So what is my prediction? After all, I'm deliberately staying out of the real estate market, so why am I making this decision. The first question is how are people able to buy at all, with prices so high? With the example 2 bedroom condo requiring over $3000 a month in cash flow, and over $2200 a month in tax-neutral cashflow, how can anyone afford anything?
Of course, people aren't paying quite this much. The buyer of a house looks at the monthly cost more than the total value, and the monthly cost is greatly reduced through the use of adjustible rate mortages, especially ones with interest-only or negative amortization. And the statistics are showing that these have become increasingly popular. Yet even with those options its not a good deal to buy: at 3.5%, the tax neutral nonsavings is still no cheaper than renting.
And these mortgage carry a price: uncertainty. If interest rates on the ARM jump from 3.5% to 4.5%, thats an extra $200 in tax-neutral cost per month for my example. And long-term interest rates are unnaturally, incredibly depressed: Roubini and Setzer argue that interest rates are artificially lowered by 200 basis points, 2%, because of asian central bank currency intervention. So if George Bush gets his way and China floats its currency, say hello to a large interest rate jump.
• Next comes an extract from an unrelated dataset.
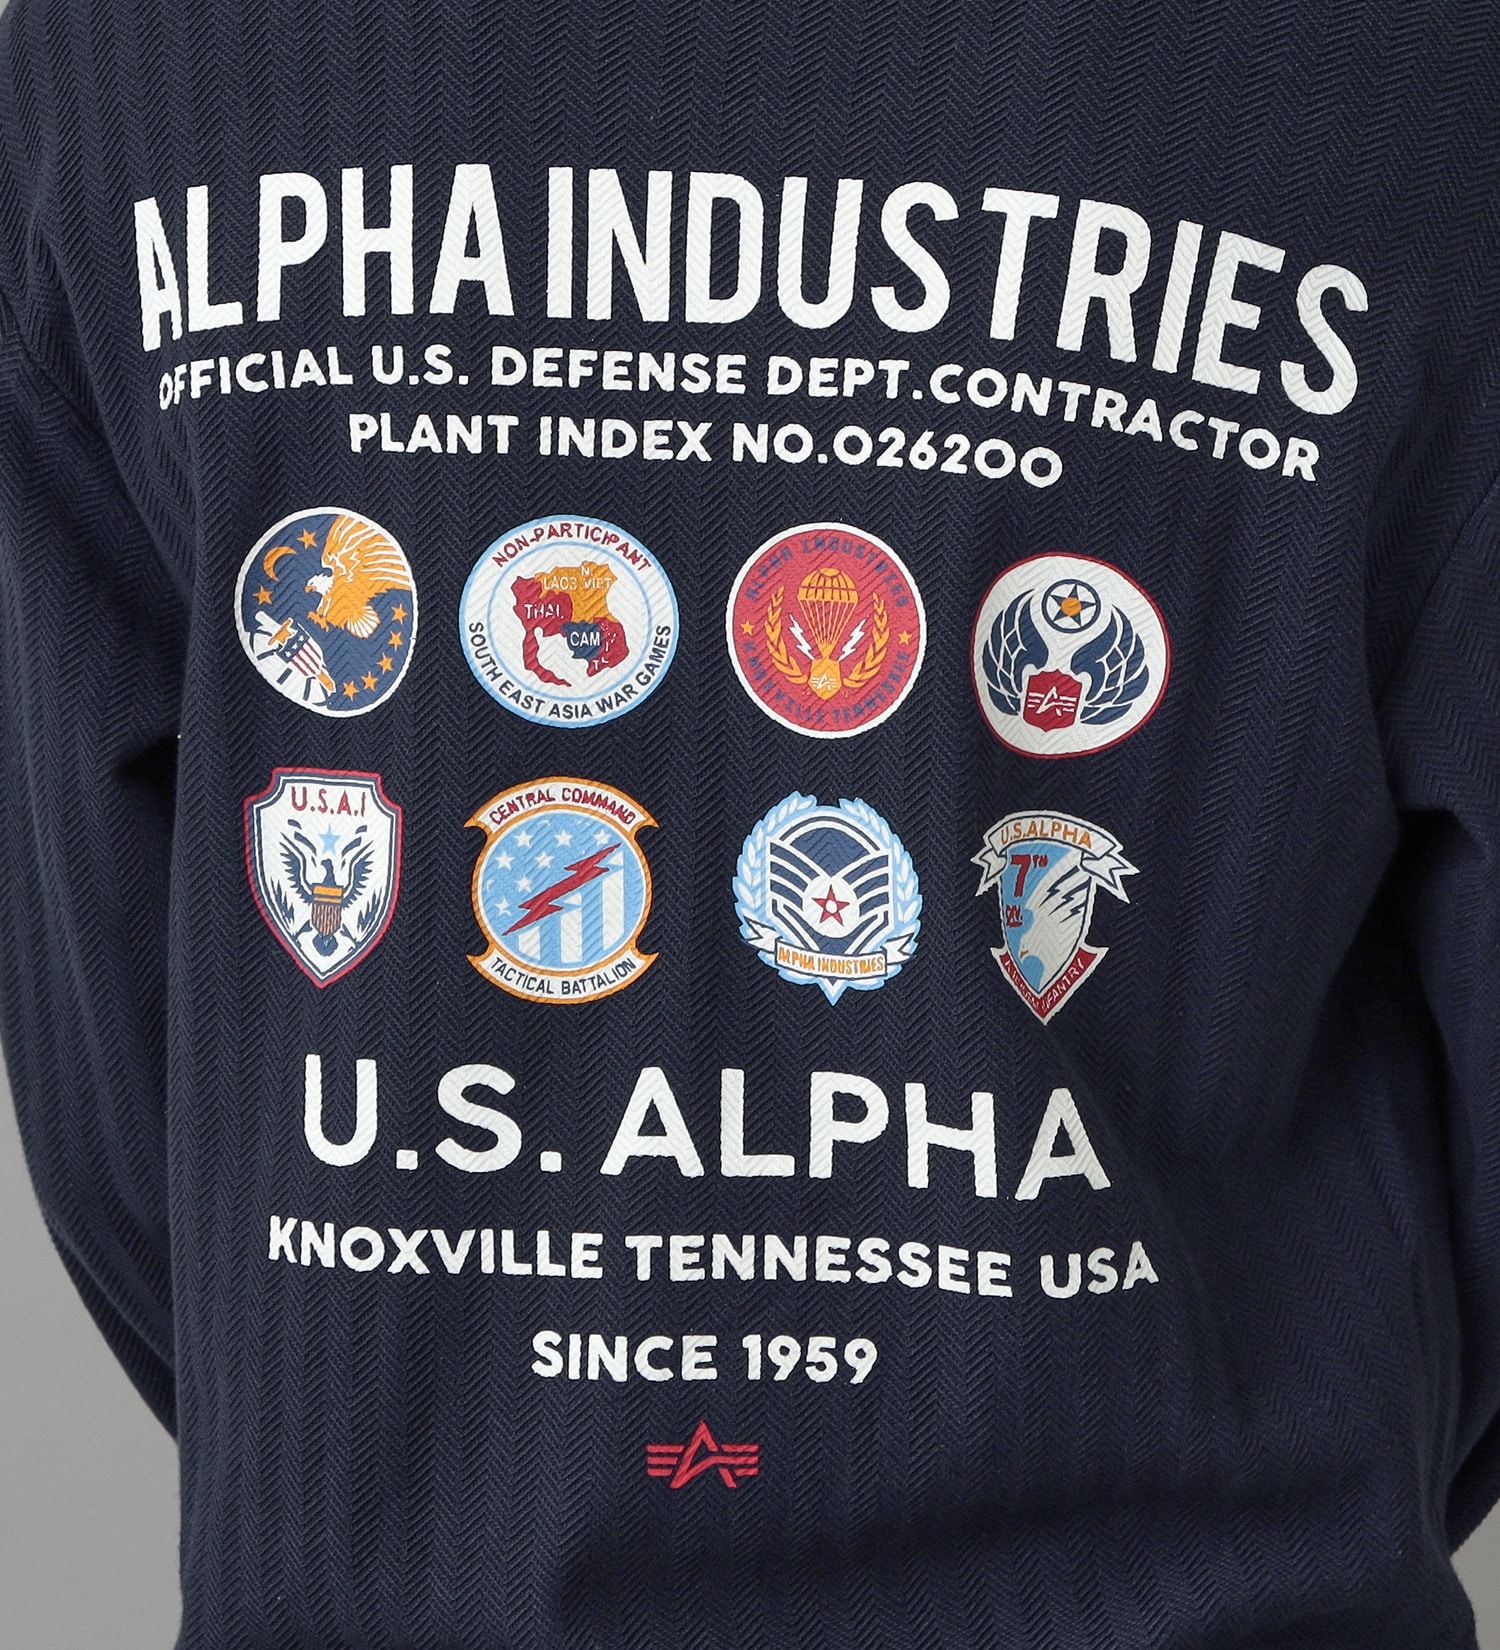 ALPHA(アルファ)のヘリンボーンバックプリント長袖Tシャツ|トップス/Tシャツ/カットソー/メンズ|ネイビー

Assuming Roubini and Setzer (and numerous others) are correct, and that the currency situation can't last forever, or something else will cause interest rates to rise, why get an ARM? If you are going to sell in 2-3 years an ARM is the way to go as the long term uncertanty isn't significant for a short-term loan. But this is the classic bubble assumption: prices keep going up (and it has to go up at least 6% to cover transaction costs when selling). Otherwise, to reduce payments for a longer time, its a huge gamble: If interest rates go up to 6%, its tied, and beynd that, its a catastrophe. Given long term interest rates so historically low, why take the risk?
Whats worse is that people are using these alternate mortgages in order to afford a house at all. If someone is squeeking by, leasing their car and with an ARM on their house, leveraged to the hilt, what happens if interest rates jump? If the economy goes south? There is now a huge number of people with no margin for error.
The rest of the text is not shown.